English portrait painter (c. 1670–1734)

John Verelst (c. 1670 – 7 March 1734) was an Anglo-Dutch portrait painter. He was the third son of Herman Verelst (a portrait painter) and Cecilia Fend. He is known mainly for a royal commission for portraits of the men known at the time as the Four Indian Kings, who visited Queen Anne in 1710 from the Province of New York in North America. John Verelst is often confused with his uncle, John Verelst (1648–1679).

==Biography==
John Verelst was born c. 1670 after his parents had left Amsterdam following the decline in the Low Country art market. He was one of the four sons of Herman Verelst (a portrait painter) and Cecilia Fend, originally from Venice. Lacking archival evidence, the date is calculated by reference to information about his siblings. He is mentioned as a beneficiary in his brother Lodvick’s will between Peter (who did not become an artist) and Michael. Peter was born in September 1669 in Amsterdam; Michael’s birth was c. 1675 in Venice.
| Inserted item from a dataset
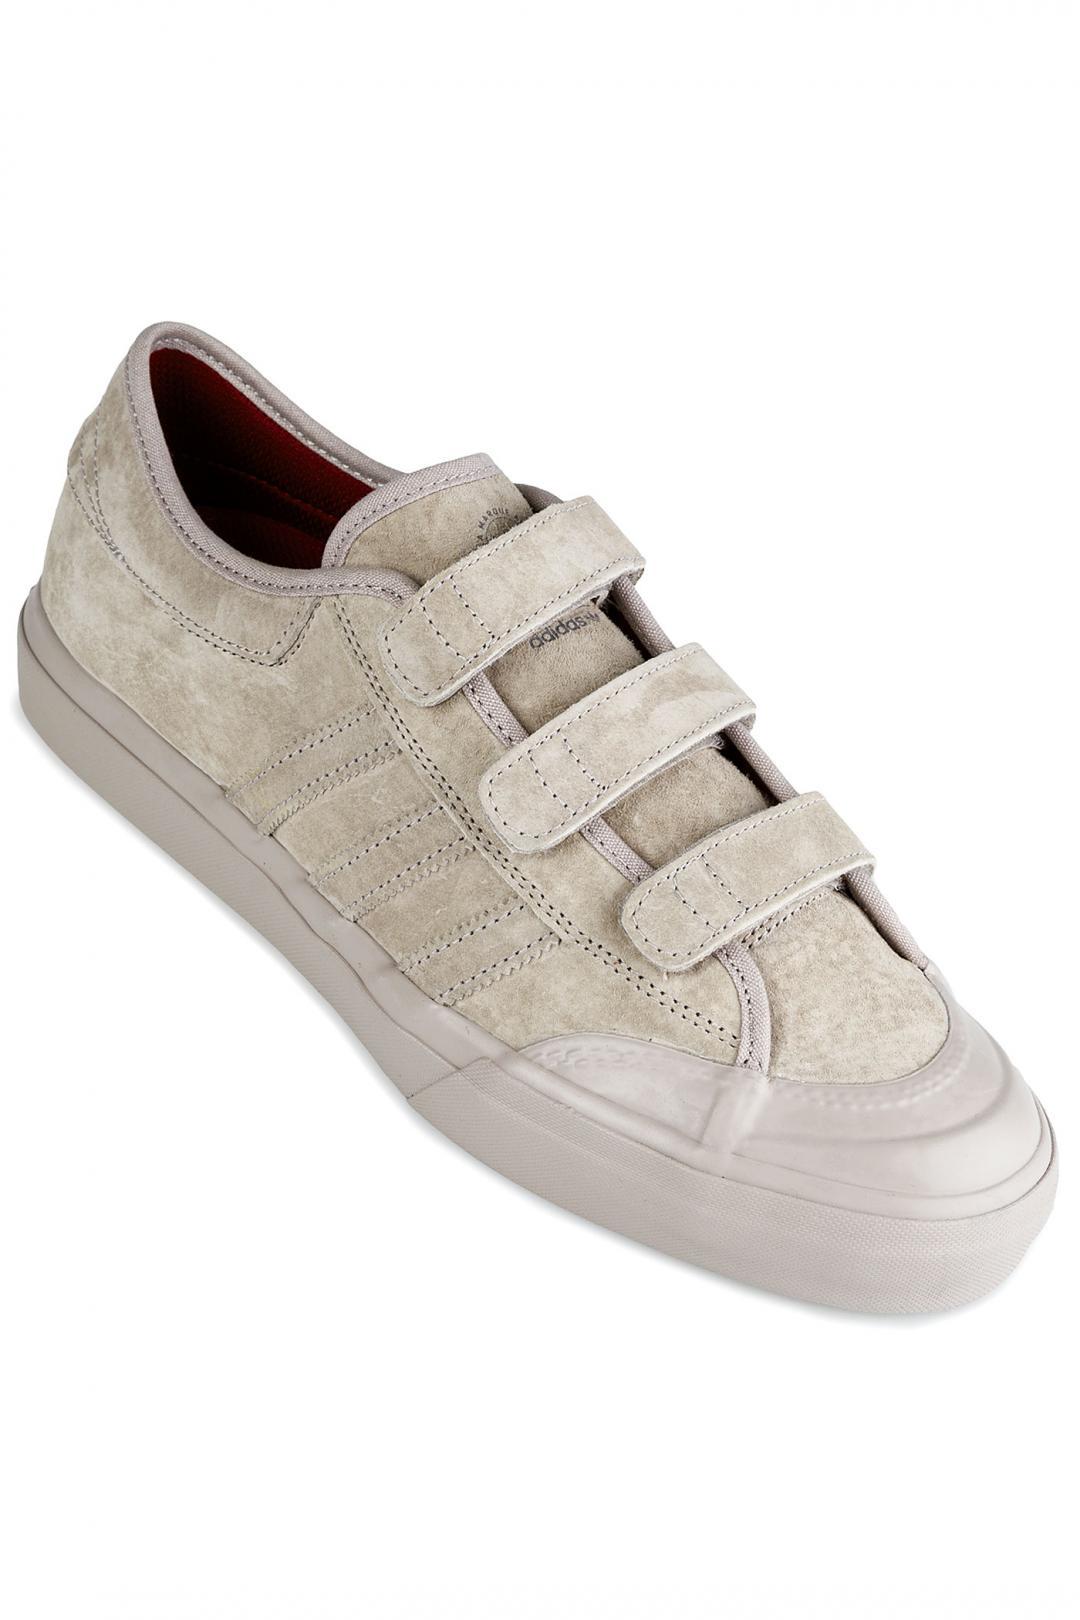 Uomo adidas Skateboarding Matchcourt CF vapour grey vapour grey vapour g | Sneakers low top

John may have been born while the family was travelling or had travelled from Amsterdam to Venice following the collapse of the art market in the Low Countries.

Herman Verelst’s career took him from Venice to Ljubljana and thence to Vienna from where the family fled in 1683, reaching London where Herman established himself as a portrait painter.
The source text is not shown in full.